3 minute read
Heinie Hartwig
1939 - 0000
Heinie Hartwig grew up in the Santa Clara Valley of California. He didn’t read until he was 11 years old and credits some of his creativity to the fact that he is dyslexic and therefore had to find other ways to solve problems. While in school, Heinie worked in the orchards of the Santa Clara Valley. As a child Hartwig says that he was crazy for airplanes, and indeed later in life he did become a glider pilot.
Following high school, Hartwig worked for his father in construction for two years. While working in construction, Hartwig tried his hand at drawing cartoons, but because printed cartoons were syndicated and tightly controlled by the newspapers and magazines, he had no success as an independent.
While Hartwig was not what one would call a good student, he was a very dedicated endurance athlete. When he was 20 years old, Hartwig left construction work and enlisted for a three-year tour of duty in the Army, because the Army promised him special training for the Olympic games. Hartwig was stationed in Germany, and while there he did paint some reenlistment posters used on base, but the promised Olympic training never materialized. Nevertheless, he still kept in shape as a runner. When two lieutenants challenged him to a one-mile race, in uniform and wearing combat boots, Hartwig gave them a 220-yard head start and still managed to pass one at the half mile mark and the other with 150 yards to go. When he was discharged and returned home to California, Hartwig became a marathoner, eventually winning the Northern California marathon title in 1964. Hartwig has logged an impressive 56,000 miles as a runner and another 235,000 miles as bicyclist. Hartwig returned to construction work as a concrete mason for the decade following his enlistment in the Army, but he eventually became disenchanted with union work in his early thirties because the union put limits on his daily output, which he felt was wrong. Looking for other work, he happened to walk by an art gallery in San Jose and was impressed by the prices he saw. For the next years he practiced painting, and by year end he quit his construction job and began painting full-time.
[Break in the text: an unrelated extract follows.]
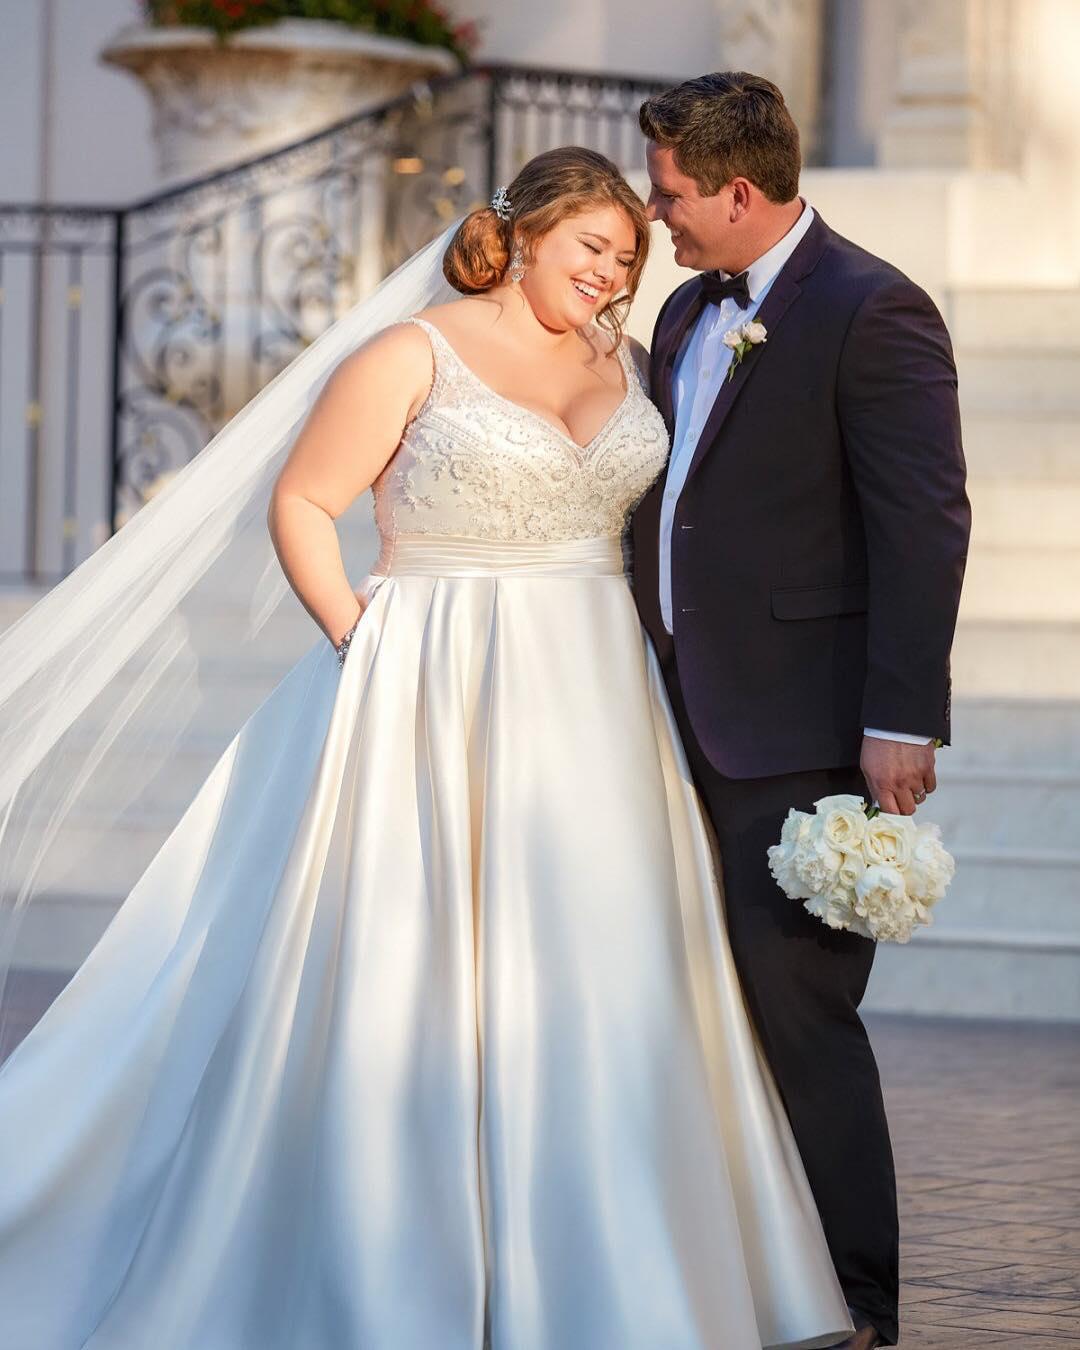 c3765388ea5d Vestido de noiva plus size: 65 fotos para você escolher o modelo ...

Given his high energy and drive to make a living, Hartwig analyzed the market and determined that the opportunity lie in the market for decorative paintings. In the beginning he painted one painting a day, but by year-end he was painting one painting an hour. He sold his decorative paintings by the square inch and because he considered them decorative rather than fine art, he signed them with only his first name. He says he produced about 8,000 paintings for the decorative market. When the price for decorative paintings declined due to the influx of paintings from Asia, Hartwig recognized the opportunity was then in fine art, so he began to study the work of fine artists. He was particularly drawn to the romantic composition, mood, and color palate of 19th-century Hudson River School artists like Albert Bierstadt and Thomas Moran, and he invested a great deal of time experimenting in an effort to learn their techniques. “Most of the artists fail because they don’t put mood into their work,” says Hartwig.
As a fine artist, Hartwig has been both prolific and successful. His preferred medium is oil on Masonite, and he is best known for his paintings of Western landscapes and Indian encampments with teepees. In addition to painting, Hartwig enjoys teaching private art classes.